Brooks Koepka leads the PGA Tour in strokes gained: chip on shoulder, and that chip got a little bigger this week with the release of ESPN’s Dominant 20, a compilation that strived to answer the question “who was truly elite in 2018?”

Koepka, the winner of two major championships in 2018 as well as the Player of the Year award on the PGA Tour, finished a career-best ninth in the FedEx Cup and had four top-10 finishes, including a pair of runner-up finishes at the World Golf Championships-HSBC Champions and Charles Schwab Challenge. He also overcame a wrist injury that sidelined him for a few months at the beginning of the season and cost him a chance of playing in the Masters.

Never one to let go of a slight, Koepka posted to Twitter on Tuesday with a string of emojis searching for his name on among the 20 most dominant athletes of 2018.
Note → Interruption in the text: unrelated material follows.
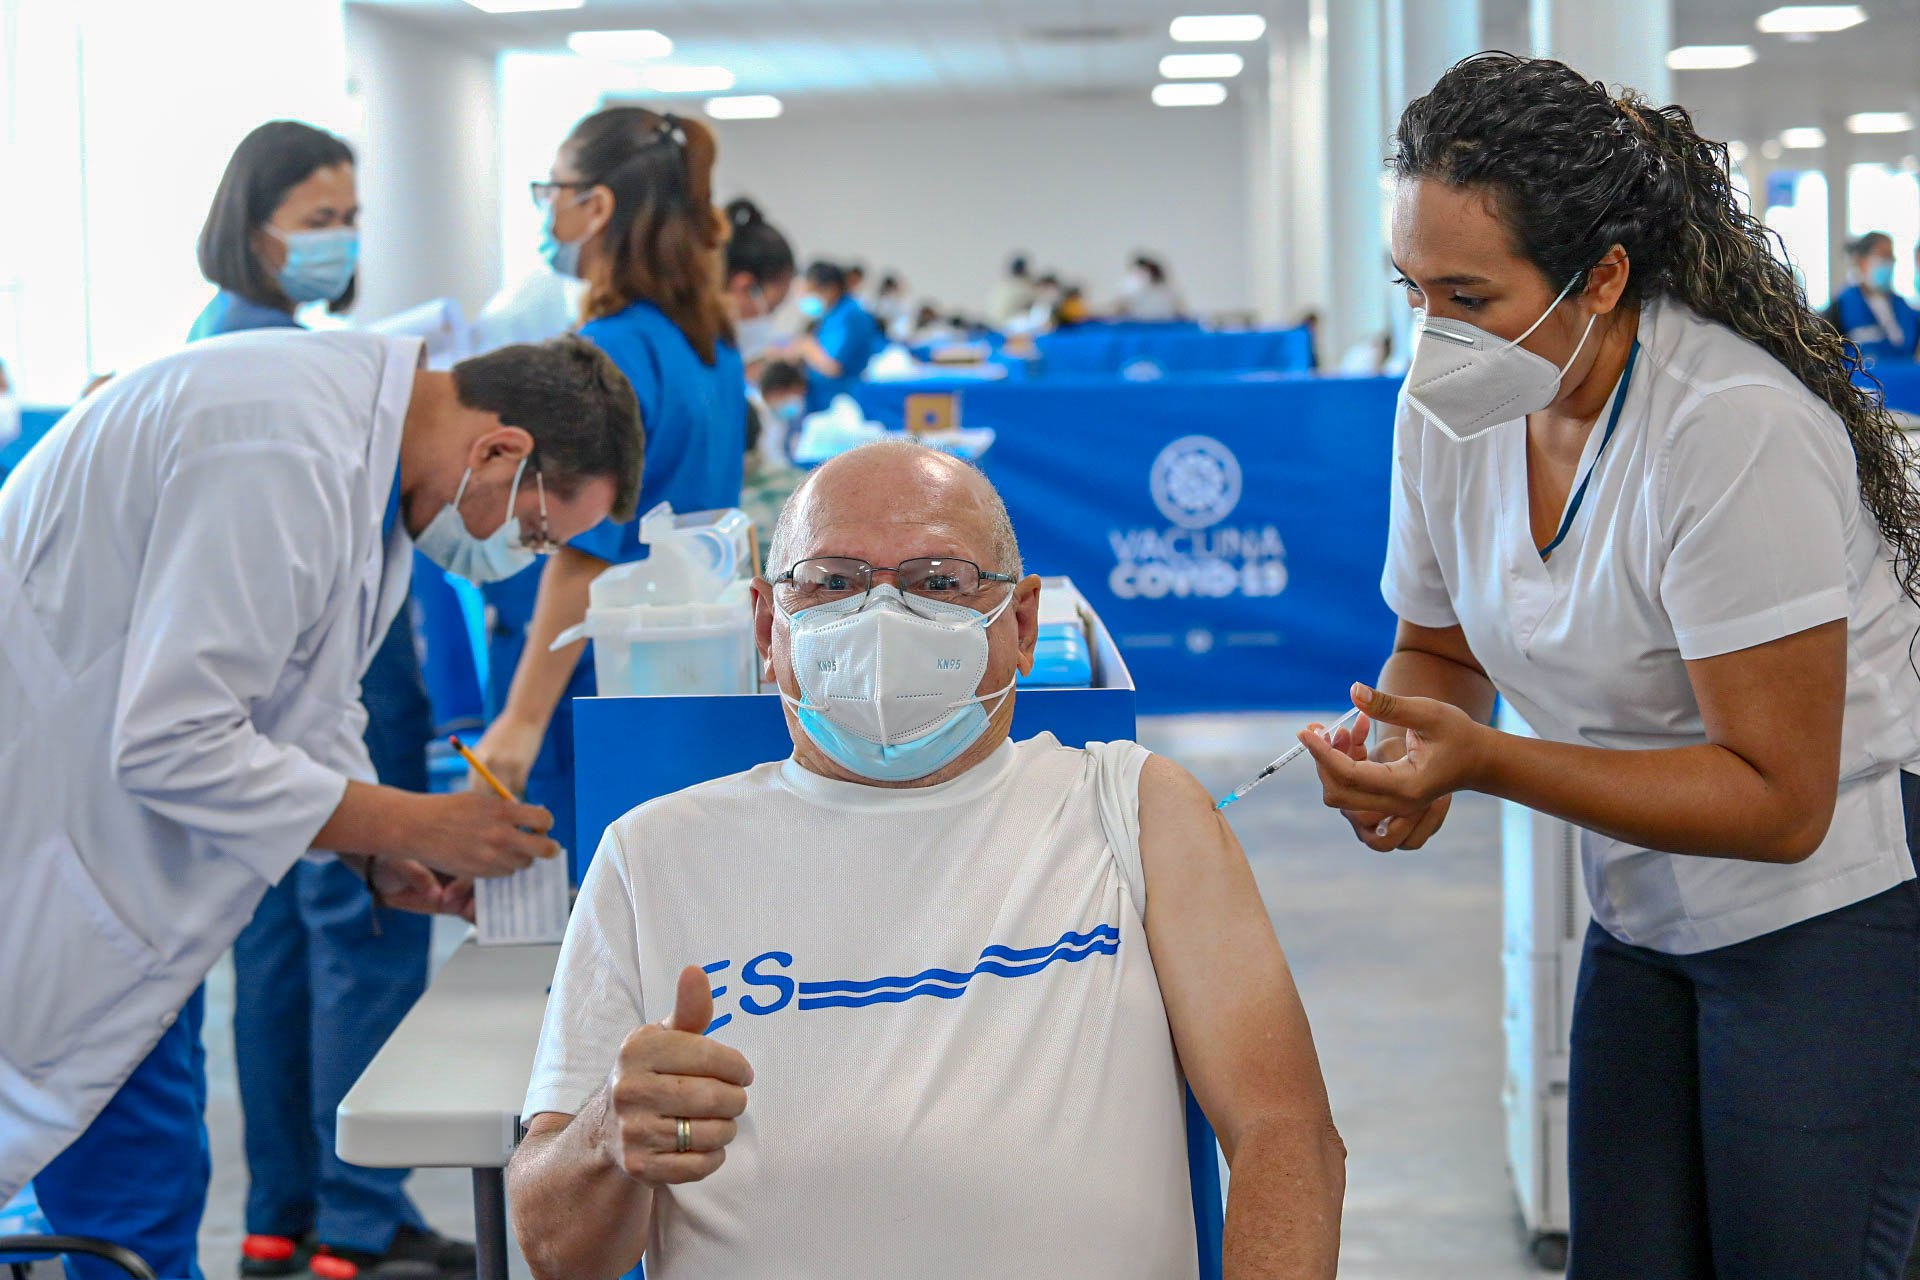 Salvadoreños reconocen el esfuerzo del Gobierno por hacer de la vacunación  contra el COVID-19 un proceso universal, gratuito y eficiente - Presidencia  de la República de El Salvador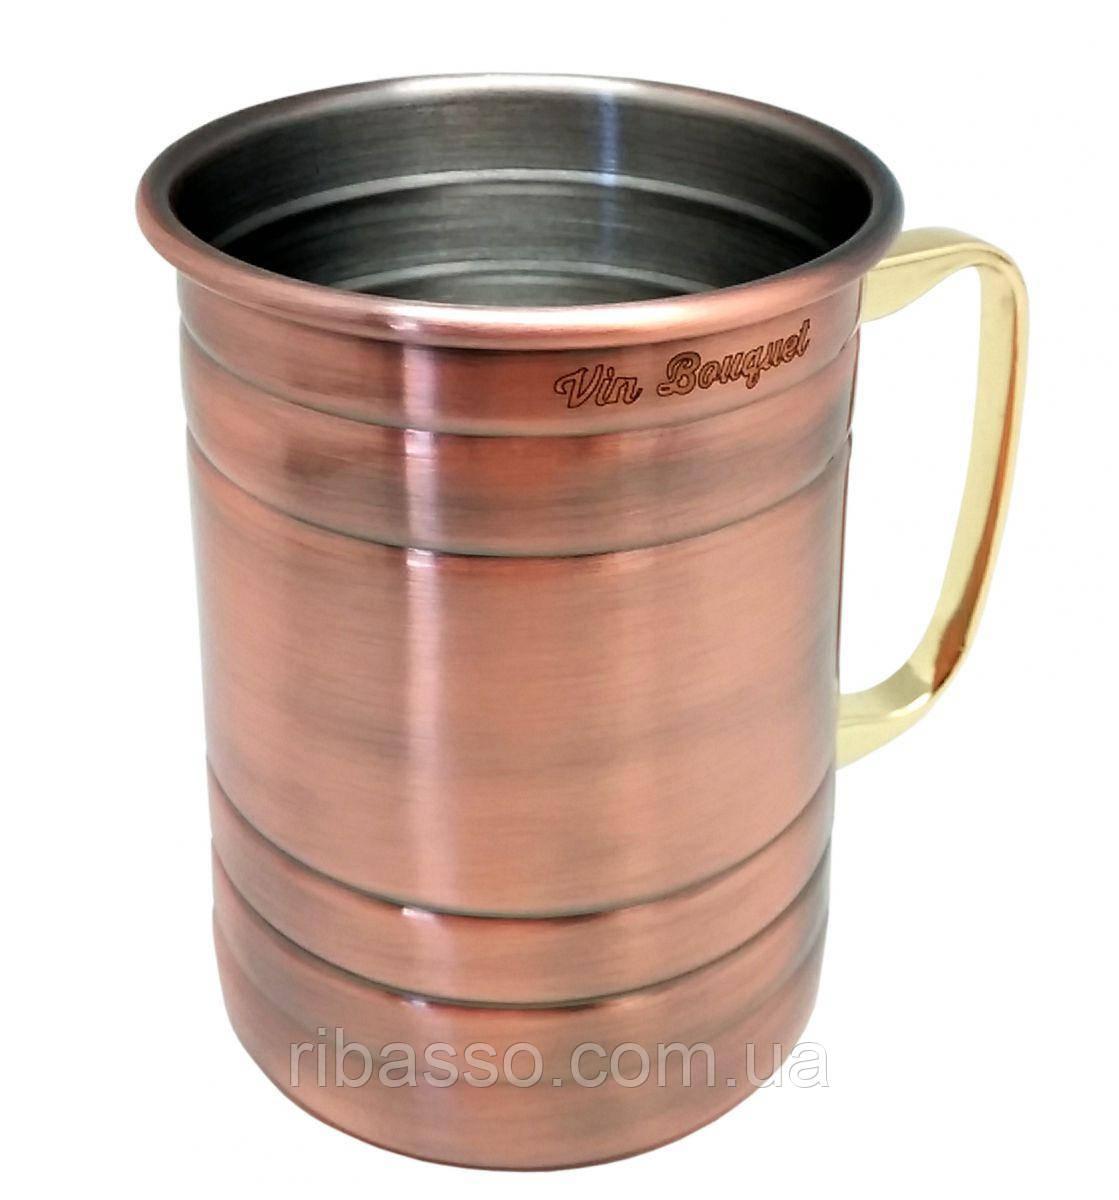 Vin Bouquet Чашка для коктейлей

Included on the list over Koepka was, among other head-scratchers, a horse. 

Golf wasn’t completely shut out, though. Ariya Jutanugarn ranked fourth with a Dominance Rating of 2.094, more than 1.2 points below 2018’s most dominant athlete, gymnast Simone Biles.

“In 2018, (Biles) was 3.25 standard deviations better than the typical top-four performer in all-around women’s gymnastics since 1998 — rendering her the year’s most dominant pro athlete,” the article stated.

For historical perspective, Koepka was the first player since 1989 to win back-to-back U.S. Opens and the first since Tiger Woods in 2000 to win both the U.S. Open and PGA Championship.